- Genre: Adventure
- Based on: The Corsican Brothers by Alexandre Dumas
- Written by: Robin Miller
- Directed by: Ian Sharp
- Starring: Trevor Eve; Geraldine Chaplin; Olivia Hussey; Nicholas Clay; Jean Marsh; Benedict Taylor; Simon Ward; Donald Pleasence;
- Music by: Allyn Ferguson
- Country of origin: United States
- Original language: English

Production
- Executive producer: Norman Rosemont
- Producer: David A. Rosemont
- Cinematography: Frank Watts
- Editors: Alan Patillo (sup); David Spiers;
- Running time: 100 minutes
- Production companies: Hallmark Hall of Fame Productions; Rosemont Productions;

Original release
- Network: CBS
- Release: February 5, 1985

= The Corsican Brothers (1985 film) =

1985 American adventure television film

The Corsican Brothers is a 1985 American adventure television film based on the 1844 novella by Alexandre Dumas. It was directed by Ian Sharp, and stars Trevor Eve, Geraldine Chaplin, Olivia Hussey, Nicholas Clay, Jean Marsh, Benedict Taylor, Simon Ward, and Donald Pleasence. It aired on CBS on February 5, 1985, as an episode of the Hallmark Hall of Fame series.

==Plot==
The de Franchi family is locked in a deadly vendetta with the de Giudici family in 19th century Corsica. Lucien and Louis de Franchi are twin brothers. Lucien wants to continue Corsican traditions, while Louis wants to end the vendetta and declare peace. Both brothers are in love with Annamaria de Giudice.

==Cast==
- Trevor Eve as Louis de Franchi / Lucien de Franchi
- Geraldine Chaplin as Madame De Franchi
- Olivia Hussey as Annamaria De Giudice
- Nicholas Clay as Giordano Martelli
- Jean Marsh as Mazzere
- Benedict Taylor as Georges Du Caillaud
- Simon Ward as Duc Dechateau Renaud
- Donald Pleasence as Chancellor
- James Hazeldine as Vincente De Franchi
- Patsy Kensit-Healy as Emilie Du Caillaud
- Margaret Tyzack as Madame De Giudice
- Mark Ryan as Bernardo De Giudice

==Production==
The lead role was originally meant to be played by Pierce Brosnan, then best known for Remington Steele. However he read the script for the feature film Nomads and decided to make that instead. It turned out that Corsican producer Norman Rosemont was unable to accommodate Brosnan's limited schedule.

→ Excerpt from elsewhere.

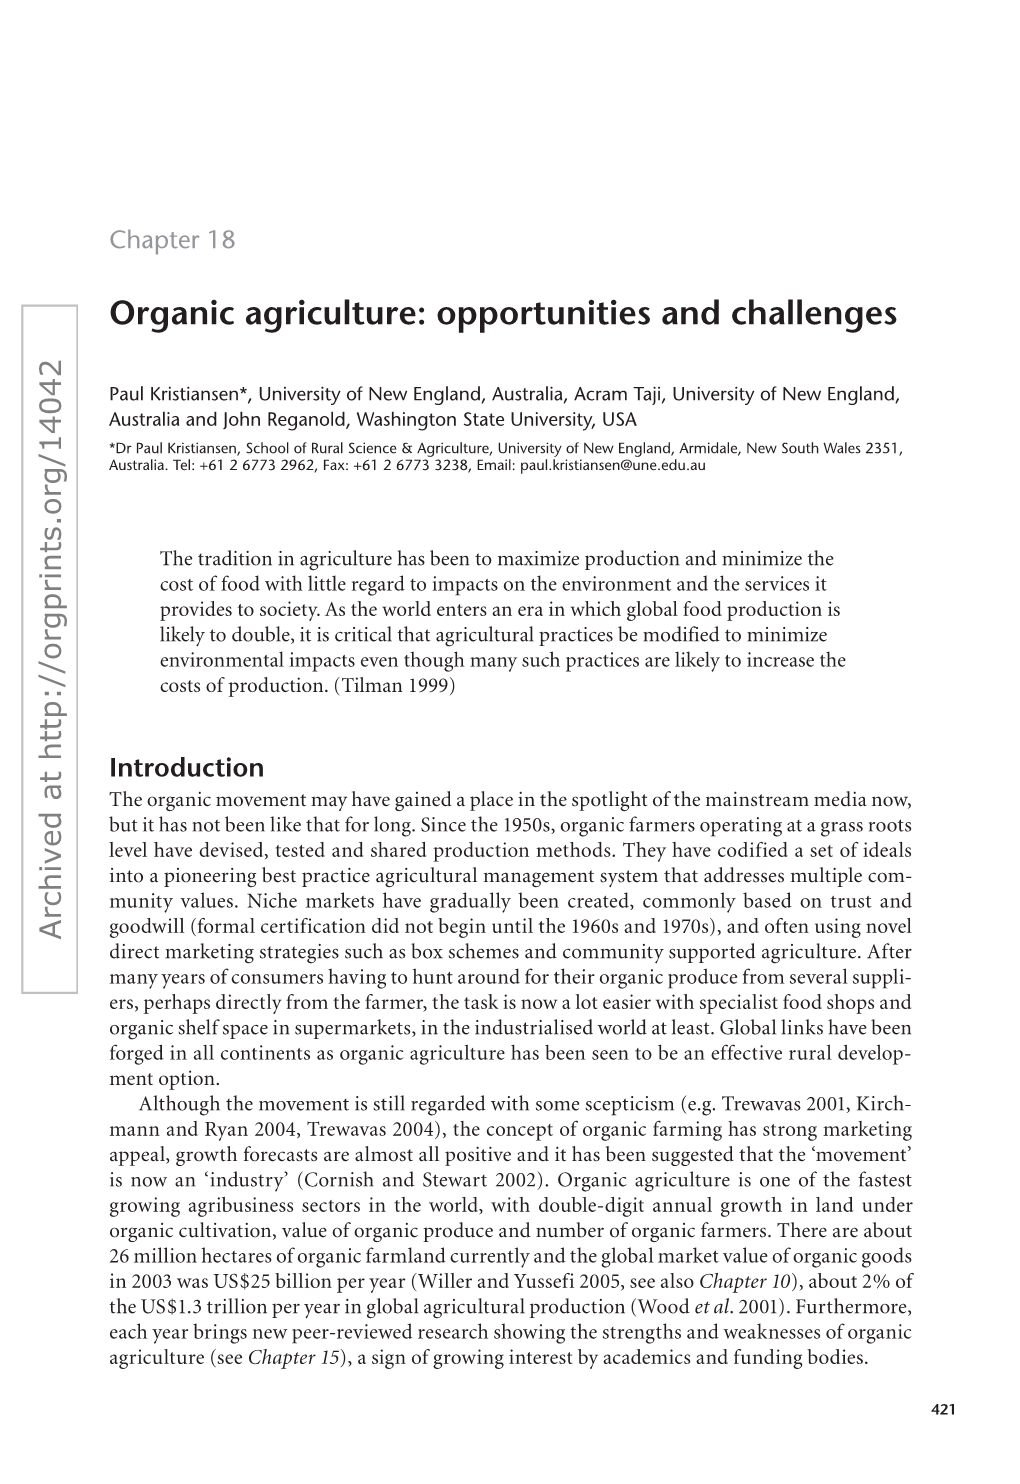 Organic Agriculture: Opportunities and Challenges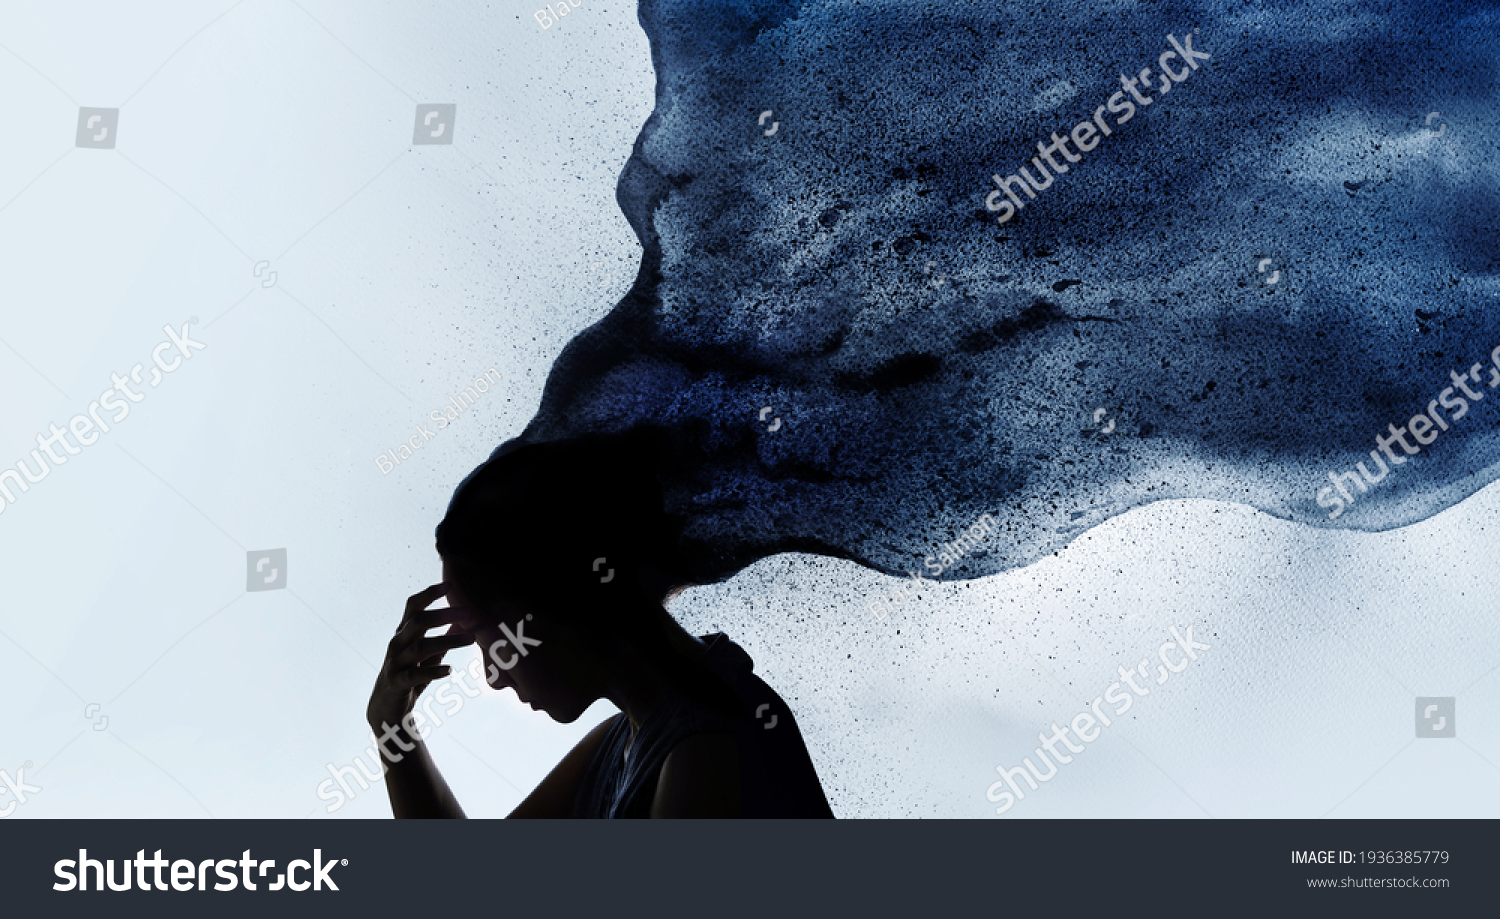 Mental Health Disorder Concept. Exhausted Depressed Female touching Forehead. Stressed Woman Silhouette photo combined with Watercolor. Depression Psychology inside her Head #1936385779

Instead the producers cast Trevor Eve, who several CBS executives had seen on stage in London.

The film was shot in Aix-en-Provence and the south of France hill village of Cipieres.

Star Trevor Eve said "Lucien was the hunter. I played him as a rough, tough kid. The kind who as a boy yelled a lot and developed a hoarseness in his voice. He dressed roughly and wore the same clothes every day. His hair was wild and was never washed. Louis was more cerebral and refined. He was better groomed. It was easier to play Lucien. You could flop out of bed in the morning and go to the set without brushing your hair."

==Reception==
The New York Times called it "giddy escapist hookum" which "nevertheless skillfully recaptures the flavour and rhythms of old-time Technicolor words-and-daggers romps".

The Chicago Tribune said the film "has an old-fashioned look and a few drawbacks. Its sword play rings of clashing steel, but its dialogue has the clunk of wood, despite the best efforts of a sterling cast."